From the available researches, it is evident that SAM with a high percentage of RE penetration and hybrid RESS can be reliable, cost-effective and more sustainable compared to a 100% fossil-fuel-based SAM [25]. Many countries around the world such as Australia, Bangladesh, India and South Africa are currently doing in-depth research to deploy microgrid-based energy-efficient and reliable power systems for rural or island communities [26,27,28]. Furthermore, hydrogen for electricity from fuel cells (FC) has been established as viable in remote specialist applications, e.g., by Ballard in Canada [29,30], and green hydrogen supplementation to fossil gas networks as a transition to low carbon gas is underway, e.g., by ATCO Gas in Western Australia [31,32,33].
Hydrogen as an energy carrier introduces a new approach to store the excess RE in SAM/RESS, with the merits of longer storage periods and ease of storage capacity expansion [16,34,35]. This system is called power to hydrogen to X (X means different applications depending on the hydrogen utilising pathway or end-use) [5,16,18,35,36,37,38,39]. The novel concept of power to hydrogen to power (P2H2P) is a promising option for storing intermittent renewables and regenerating power when needed [7].
In this research, a remote community SAM has been proposed to identify the techno-economic viability of a 100% RE-based system with hydrogen-battery energy storage. In Western Australia (WA), there are dozens of remote stand-alone electricity grids that are beyond the State’s main utility grid, the South West Interconnected System (SWIS) [40,41]. Currently, the typical arrangement of remote towns and mining energy supply depends on fossil fuel (mainly diesel) energy resources, which contributes to the significant levels of CO2 and other Greenhouse Gas (GHGs) in our atmosphere. Additionally, the cost of diesel fuel is high and keeps increasing due to transport and storage costs. Thus, decarbonisation of the energy supply by utilising locally generated, clean and sustainable renewable energy is essential for future energy cleanness and sustainability as well as energy security and economic development. Hence, as a case study this research considers a remote location in the regional North-West of WA.

2. Previous Works

In recent years, many research studies on P2H2P systems have dealt with the energy management systems, controller functions, technical challenges of RESS components, and economic analysis. Studies such as Giorgio Caua et al. 2014 [19], L. Valverde et al. 2016 [20], Mauricio Higuita Cano 2017 [21] and Yanfeng Liu et al. 2018 [11] examined the optimal scheduling of the RESS components to maximize the benefit of the RE and minimize the investment cost. These research studies have concluded that an energy management strategy is essential for the optimal utilisation of the P2H2P systems as well as the optimization of the RESS. Mario Petrollese et al. 2016 [42] developed an intelligent control strategy for the efficient management of microgrids with higher penetration of RER and different energy storage systems including hydrogen.

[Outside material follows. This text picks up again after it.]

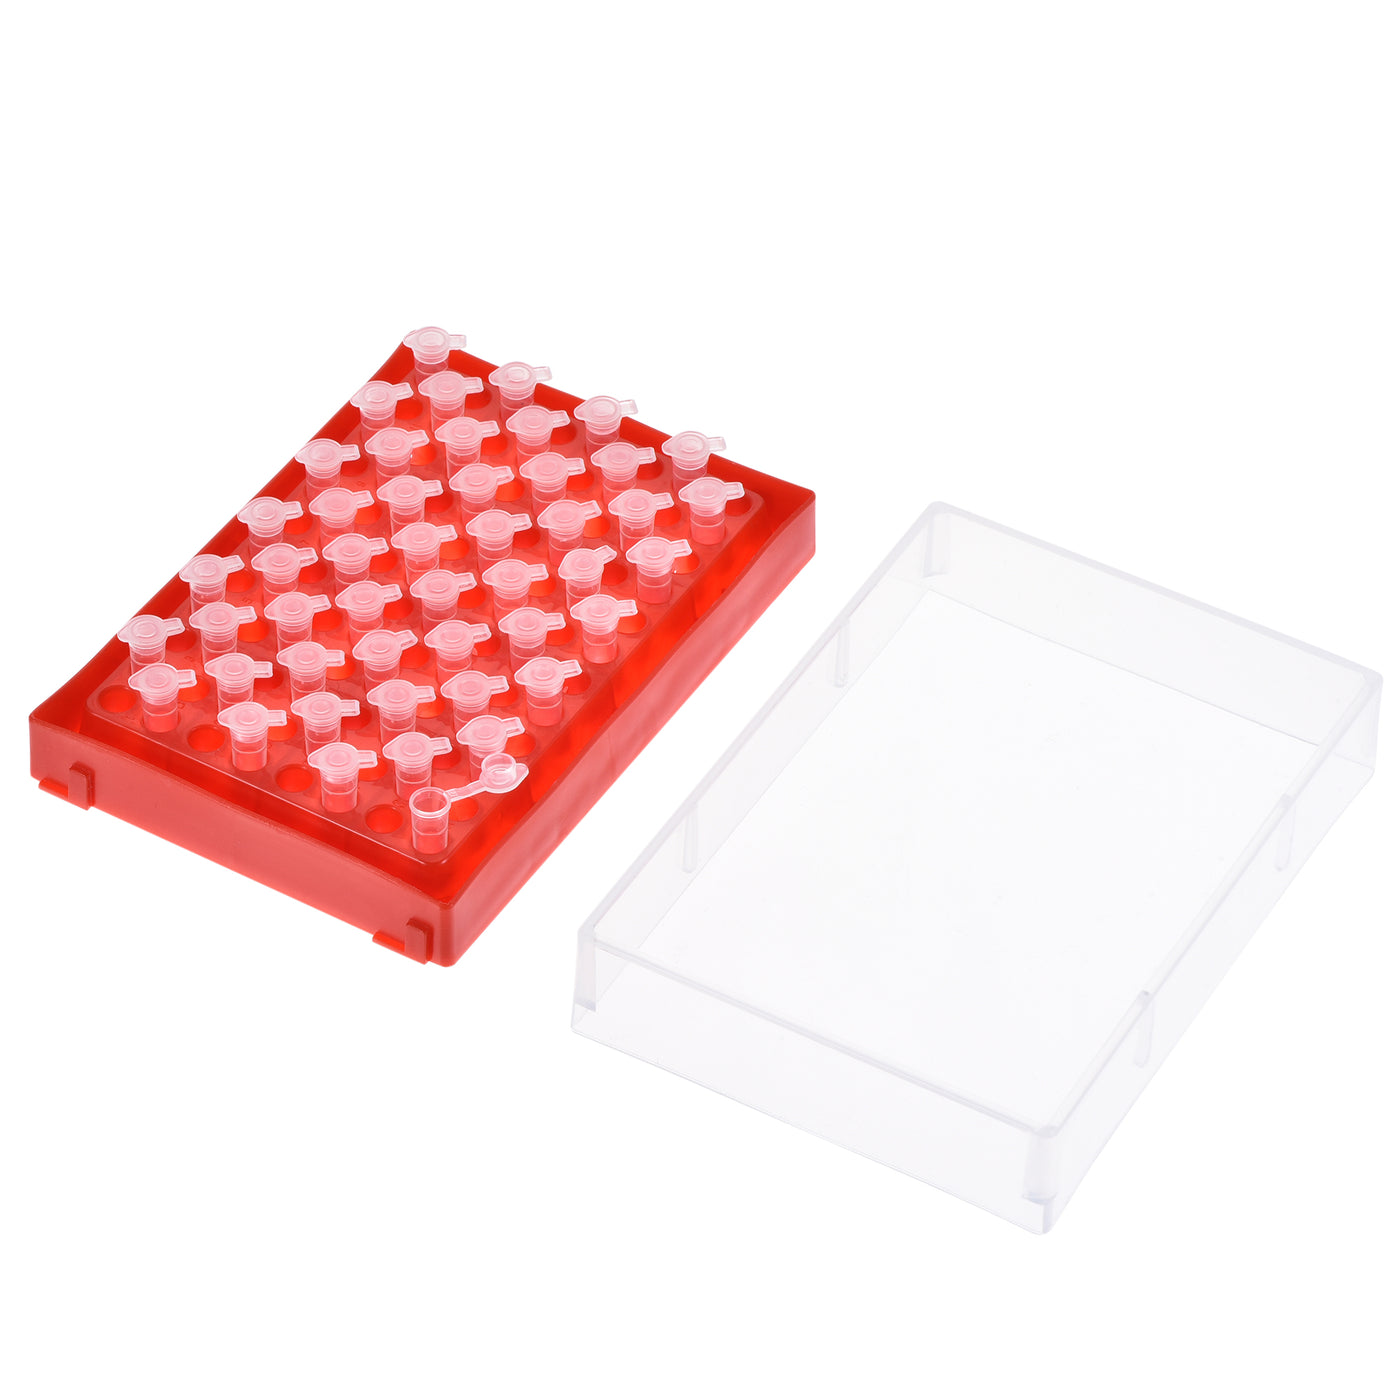 uxcell Uxcell Centrifuge Tube Freezer Storage Box 96-Well PP Holder Red for 0.2ml Tubes
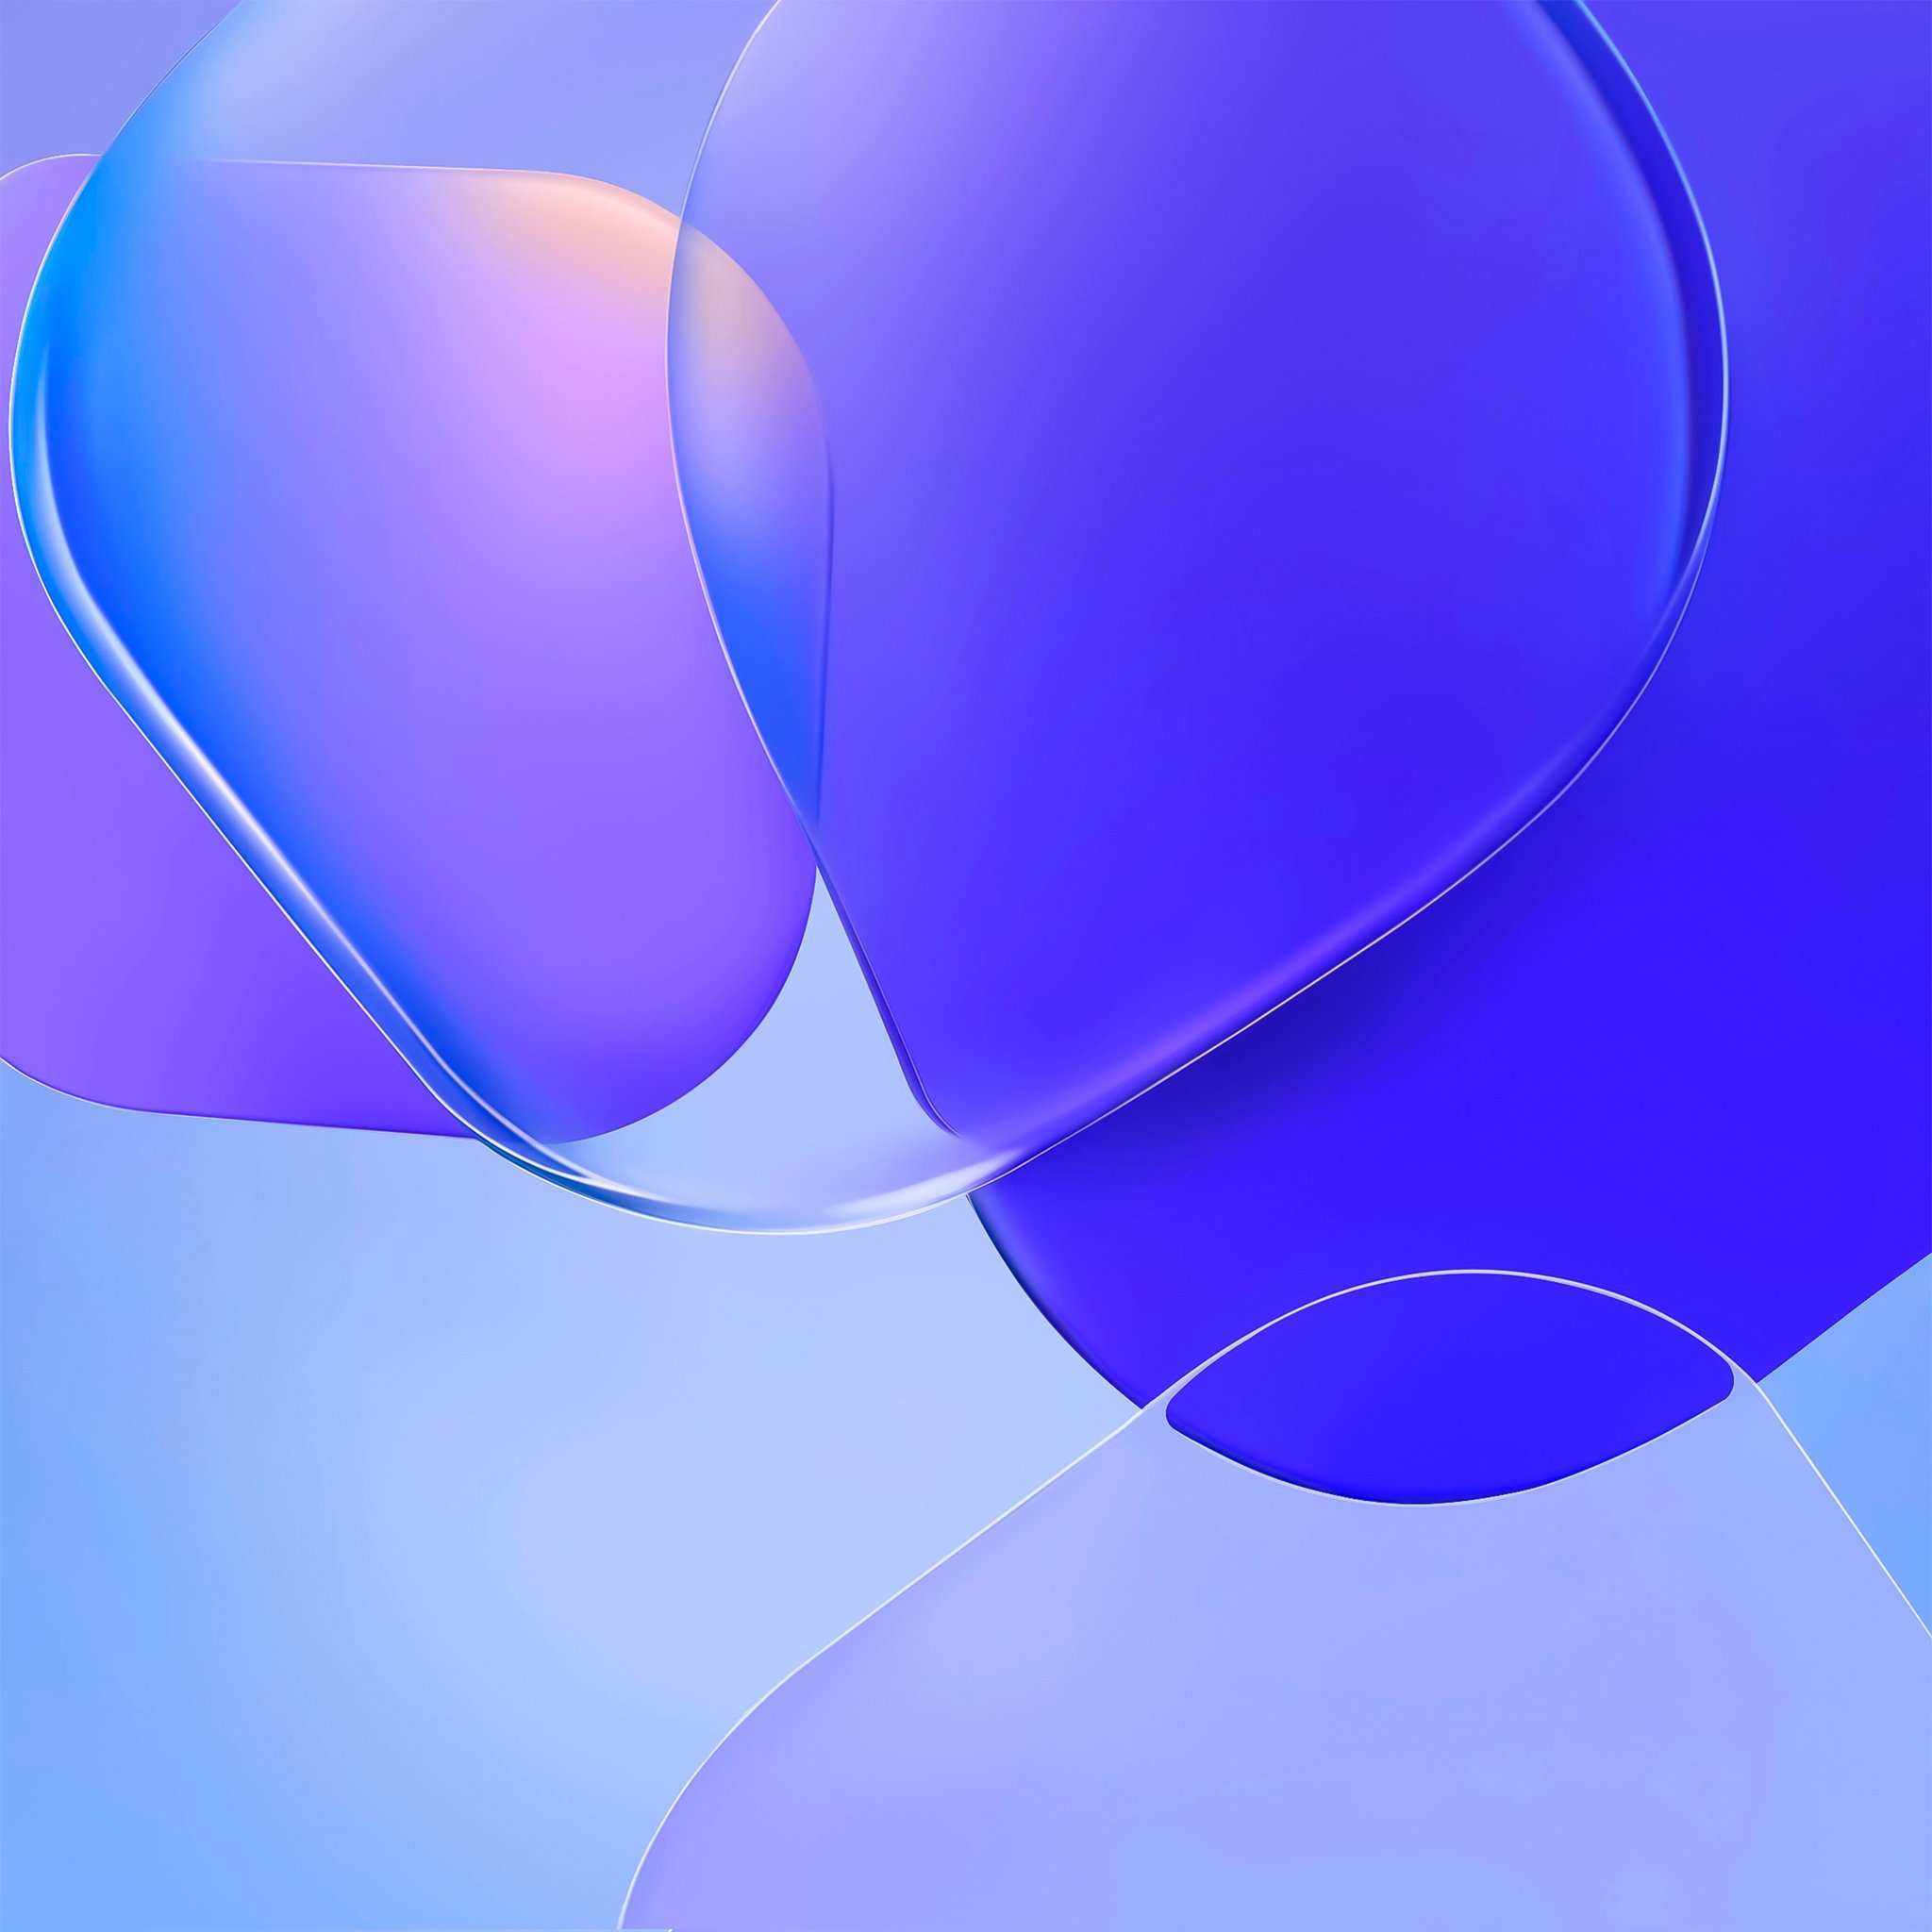 Here are some amazing Wallpapers of HUAWEI Nova 9 Series rHuawei

The key aspect was the design and development of the SAM system’s controllers to execute the proposed energy management strategies, utilising a statistical approach, to take into account weather and load forecasting uncertainties. Another research project was carried out by Jianwei Li et al. 2017 [17] to design and test a hybrid energy storage system for primary frequency control in SAM systems using a dynamic droop method. Many of the research projects in the field of control of the SAM systems have focused on frequency and voltage control. The recent paper by Kwang Woo Joung et al. 2018 [22] dealt with the lack of inertia in the SAM systems and proposed a new decoupled frequency and voltage controller for DG, which can keep the grid frequency and voltage magnitude constant. Yanfeng Liu et al. 2014 [43], have introduced a genetic algorithm-based method for optimal components sizing and life-cycle considerations in SAM systems. The SAM systems have been investigated for both developing and developed countries as well as for sub-tropical, tropical and hot-arid climatic conditions to identify the techno-economic viability [27,44].
GM Shafiullah et al. [44] developed a SAM with solar photovoltaic (PV)/diesel/battery for a small town called Cue in the Mid-West region of Western Australia, from which it is evident that the integration of PV and battery storage with the existing diesel generators can play a significant role in reducing energy generation costs, fuel consumption, and generators’ operating time. A percentage of RE penetration (wind-PV) with a diesel backup hybrid power system in Saudi Arabia has been investigated by Rehman et al. [45]. It has been seen that the system, with 35% renewable energy contributions and 65% diesel power contribution, was the most cost-effective power system compared to a diesel-only system [45]. Yashwant Sawle et al. 2018 [46] have evaluated various hybrid system configurations using PSO, as compared to HOMER Pro software for the optimal cost of energy (COE). However, the proposed scenarios did not include any P2H systems.
Subodh Kharel et al. 2018 [47] developed a large-scale long-term grid-connected hybrid battery-hydrogen system for the South Australia grid, which found the hydrogen-based system to be cost-competitive compared to battery-only energy storage systems.
From the literature, it is evident that the SAM with DER plays a key role in managing energy demand, future load growth, reducing energy costs and global warming. However, the prospects of such systems mostly depend on geographical location, climatic conditions, availability of resources, socio-economic factors, and economic and population growth of the community.
Despite a large amount of research in the literature regarding the techno-economic evaluation of hybrid P2H2P, there is no research available to compare a 100% RE-P2H2P-battery hybrid RESS systems with DG SAM systems. Therefore, this current research aims to investigate the potentialities of a 100% RE-based SAM with hybrid energy storage systems for remote/rural areas, considering cost-economic and environmental benefits using the HOMER Pro Microgrid Analysis Tool [24]. The aim is to evaluate and compare hydrogen-based RESS scenarios with conventional DG powered microgrid and battery-based RESS, for SAM to identify an optimum solution for a remote community.
Outcomes of this research will be a useful tool for power utilities and government bodies in their planning for deployment of SAM with hybrid energy storage for rural communities to supply power to the community, as well as to identify a hydrogen utilisation pathway. The proposed research method can be used in any remote area or any islands to identify the techno-economic aspects for the deployment of a SAM considering indigenous parameters such as renewable energy resources potential, community load profile, and cost of equipment for the individual areas.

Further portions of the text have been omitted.